Los ejemplos son innumerables: Enrique VIII de Inglaterra, al oponerse al papado, cerró durante años todos los hospitales del país, que pertenecían a la iglesia católica. En el siglo XVIII, distintos gobiernos ilustrados expulsaron de sus territorios a los jesuitas, cima del saber de su tiempo, mutilando y sesgando hacia el laicismo la cultura de sus países. La guerra de la independencia española, que expulsó a las tropas napoleónicas y llevó a la coronación de Fernando VII, provocó el rechazo en España de toda la cultura ilustrada, provocando un sesgo contrario al de la expulsión de los jesuitas y sumiendo a España en el atraso histórico. Esta política de arrasar con lo anterior para dejar espacio a lo nuevo, digna de Nerón, suele lograr más daño que beneficio y además, los más perjudicados suelen ser los más débiles.

Ya en el siglo XX, distintas revoluciones comunistas, tratando de defender al proletariado, se han opuesto a las clases privilegiadas y han desatado persecuciones contra los intelectuales, e incluso contra la ciencia en sí, calificándola de burguesa. Han tratado de reinventar la rueda mientras el vehículo rodante marchaba a toda velocidad, con las consecuencias esperables. En la Unión Soviética, Lysenko, entre los años 30 y los 60, desechó la agricultura tradicional sustituyéndola por un nuevo “modelo proletario”, logrando la muerte de millones de personas en hambrunas.

En la China de Mao, campañas para mejorar el rendimiento agrícola mediante la casi aniquilación de los pájaros consumidores de grano provocaron el caos ecológico y la proliferación de insectos, mientras que la idea de “labrar” el suelo profundamente provocó la destrucción del suelo. Más hambrunas, más muertos (y sí, precisamente el proletariado es el que se muere de hambre).

En la Camboya de Pol Pot, bastaba el uso de gafas para considerar que alguien era un intelectual, y por tanto un burgués, que debía ser purgado enviándolo a campos de reeducación (campos de exterminio).
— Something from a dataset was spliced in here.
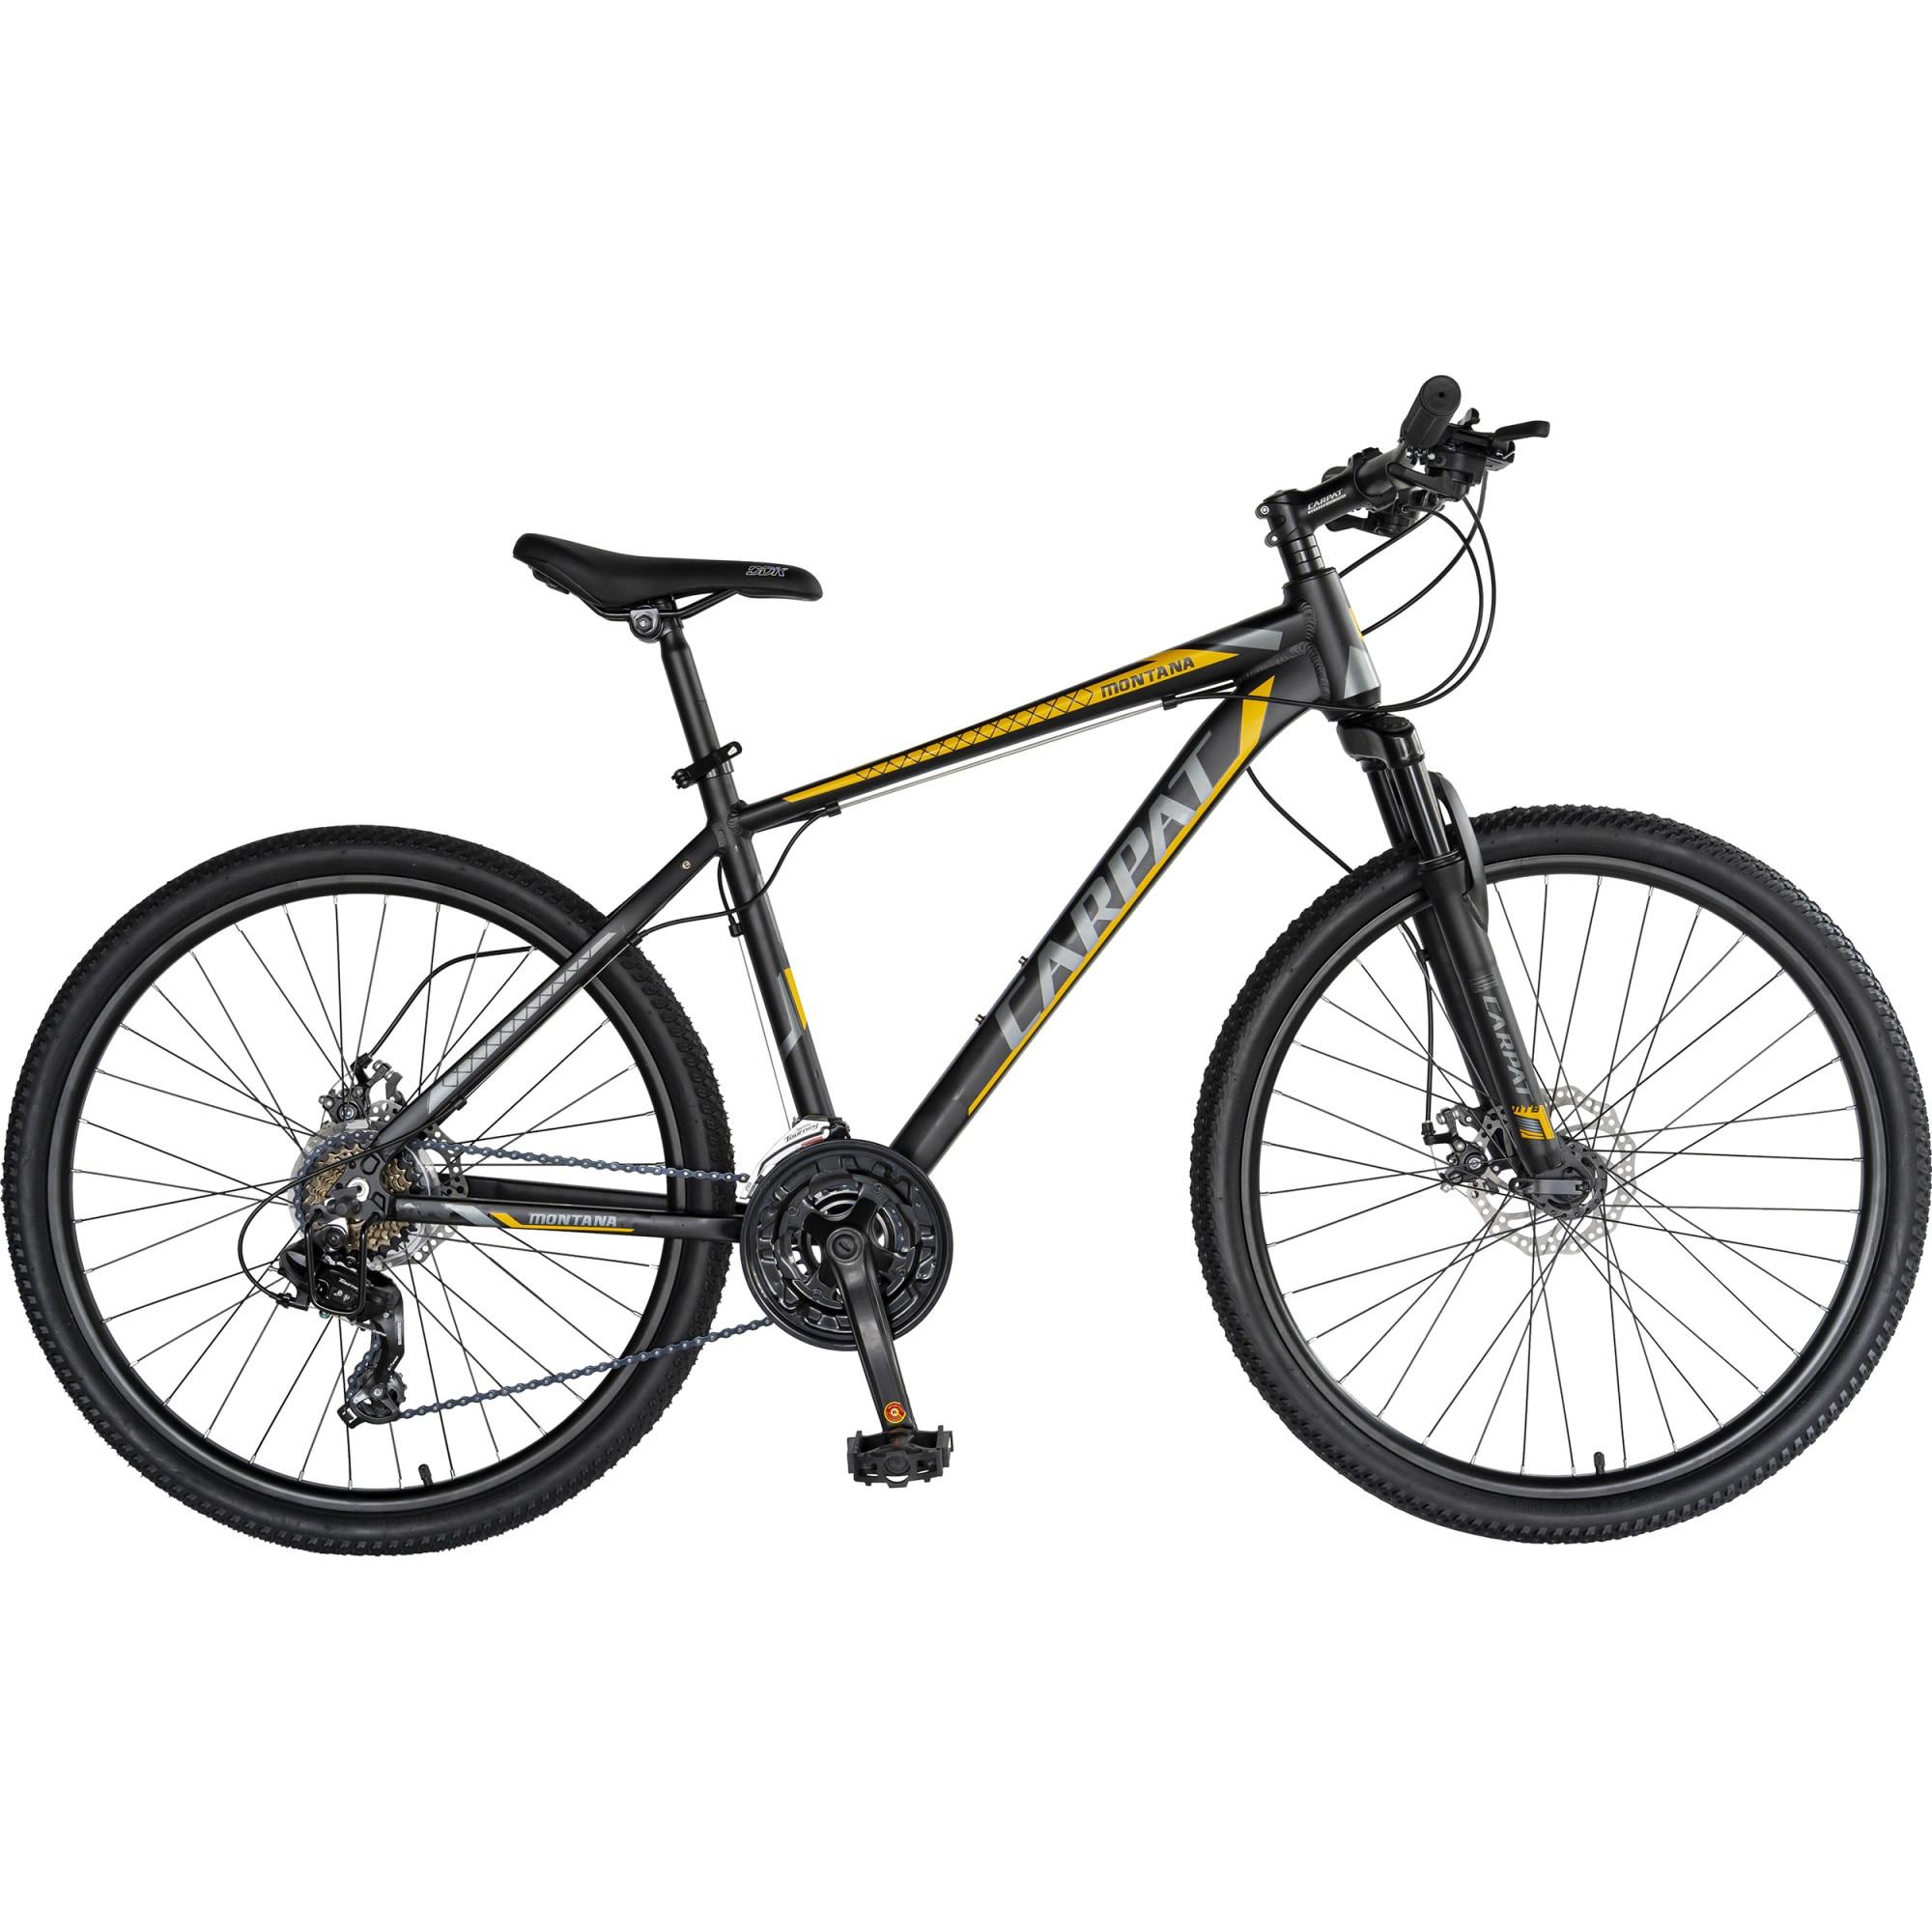 "Fotografie Bicicleta MTB 26"" Carpat C2670C, Negru/Galben"

La sociedad deprivada de médicos, ingenieros, etc, no mejoró precisamente por ello. La dinámica se repite.

Cuando se saca al genio de la botella no se le puede volver a meter en ella. Cuando se pone en marcha la dinámica de enfrentamiento, se potencian el odio y la destrucción. Ante estas dinámicas, la razón resulta impotente, especialmente cuando se la convierte en blanco explícito de los ataques, como ocurre con algunos de estos movimientos. Los ejemplos recientes de radicalización de causas nobles no se limitan al comunismo:

En Ruanda, el colonialismo europeo rigidificó y racializó la diferencia social entre hutus y tutsis. La “revolución” hutu, en vez de reflexibilizar las clases sociales para mejorar la situación de los hutus, se orientó al genocidio de los tutsis.

El feminismo, pese a comenzar defendiendo a las mujeres oprimidas, acaba dedicándose a atacar a los hombres, a limitar su libertad de expresión con argumentos como el “mansplaining” e incluso a promover iniciativas como su sodomización para promover la igualdad (https://www.20minutos.es/noticia/4118519/0/declaraciones-beatriz-gimeno/), lo que en modo alguno puede ayudar a las mujeres cuyo sueldo es inferior al de sus compañeros varones.
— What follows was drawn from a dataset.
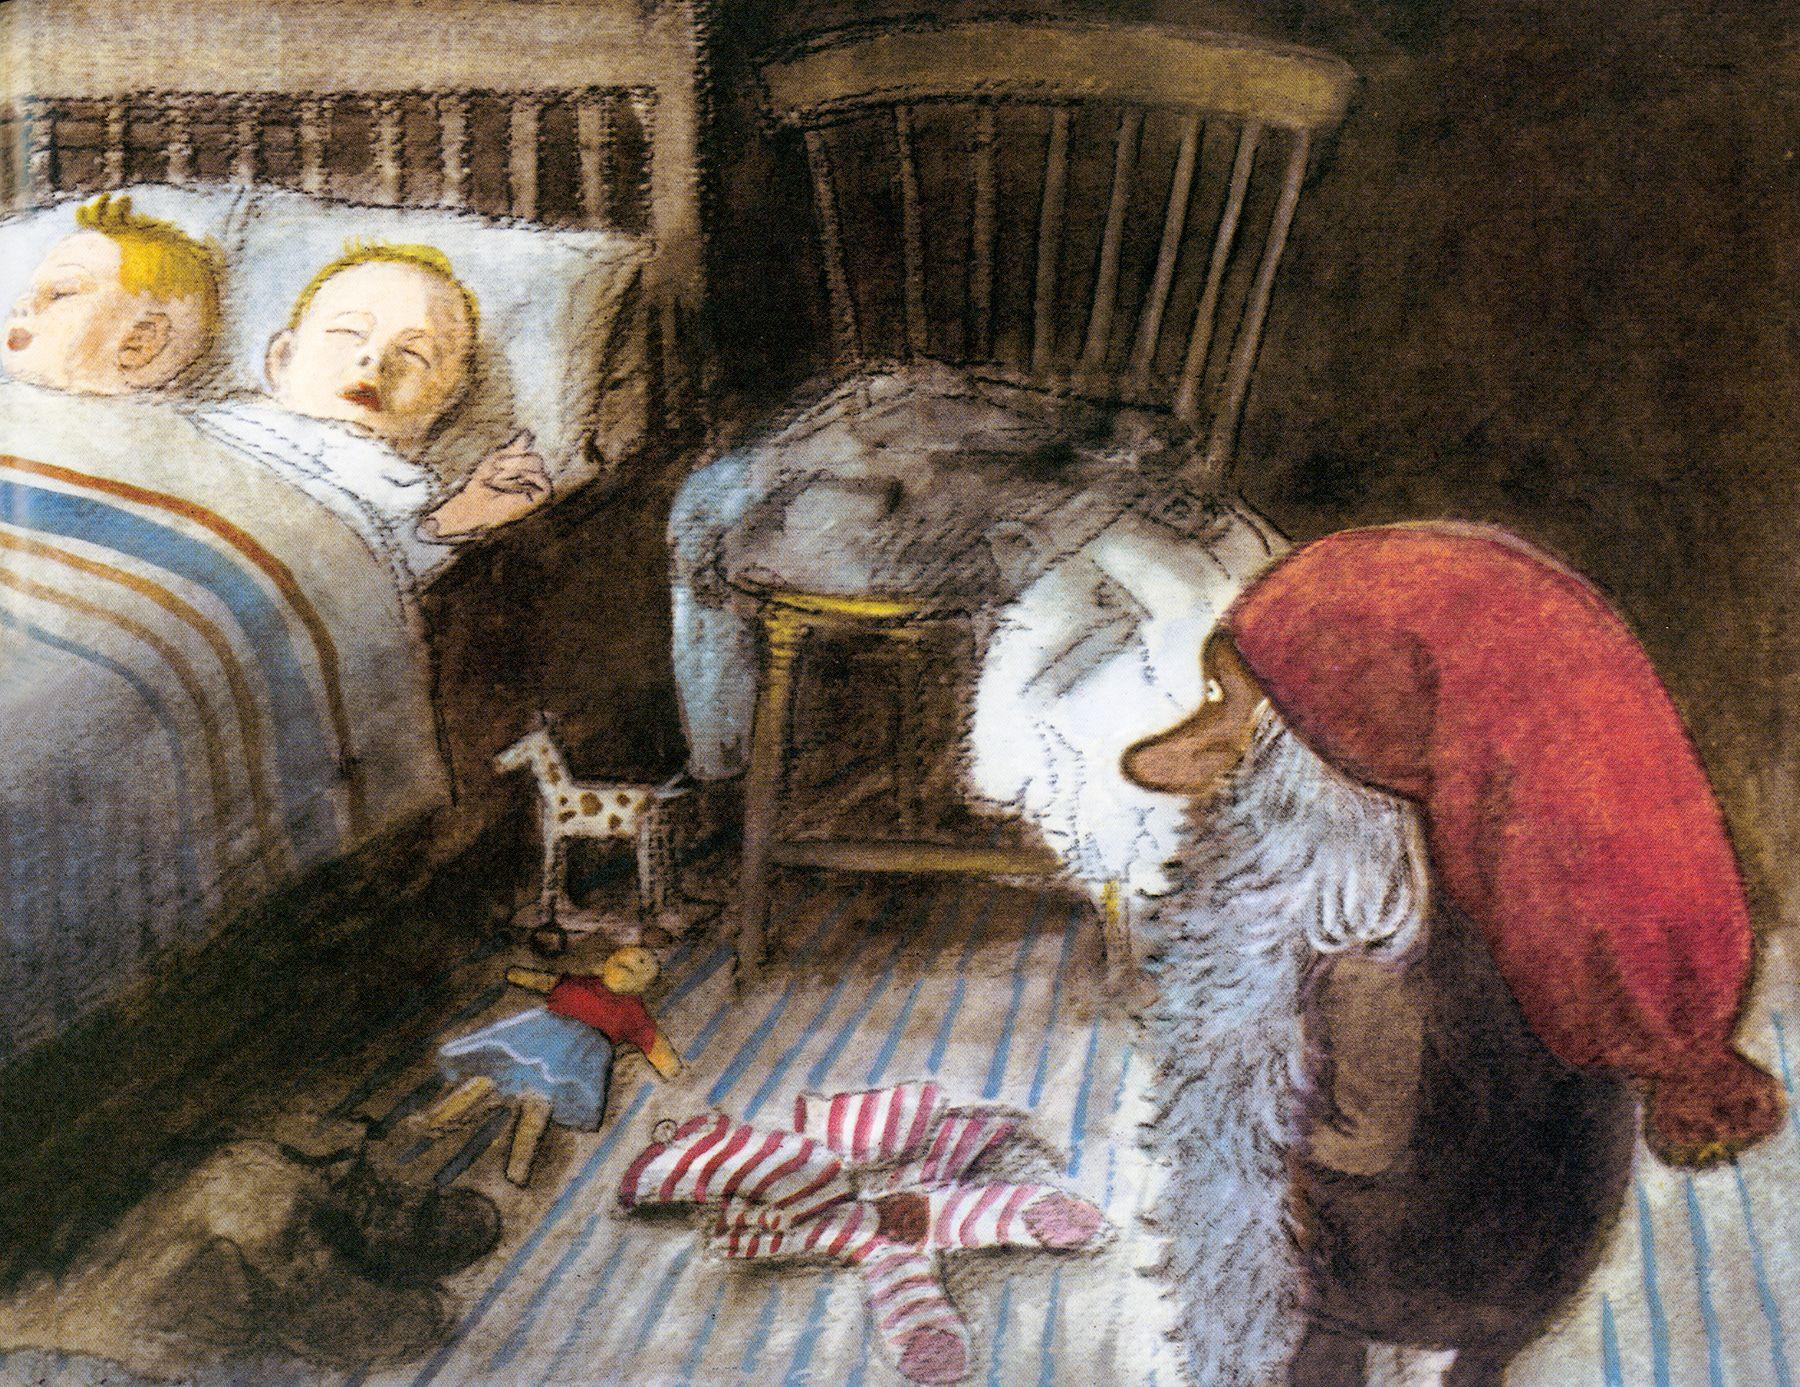 Tomte Tummetott By Astrid Lindgren Illustration By Harald Wiberg

En ocasiones es necesario cambiar el orden social, especialmente cuando hay opresión, pero cuando se recurre a la violencia esta impone su propio código y, muy frecuentemente, todos los implicados acaban perdiendo.

Iniciativas basadas en la “no violencia” como las de Gandhi o Martin Luther King, e incluso remontándonos atrás, las de Sócrates o Jesucristo,  nos han mostrado que es posible cambiar el mundo sin recurrir al odio, sin destruir al otro mediante la violencia secundaria. Sí que hay una violencia en esta “no violencia”, pero es la violencia primaria. Esta violencia primaria no es destructiva, sino que está basada en el amor y orientada al crecimiento del ser humano en un proceso de evolución más lento que una revolución, pero más edificante a largo plazo. Creo que es en estos movimientos en los que debemos basar nuestros esfuerzos para mejorar la sociedad.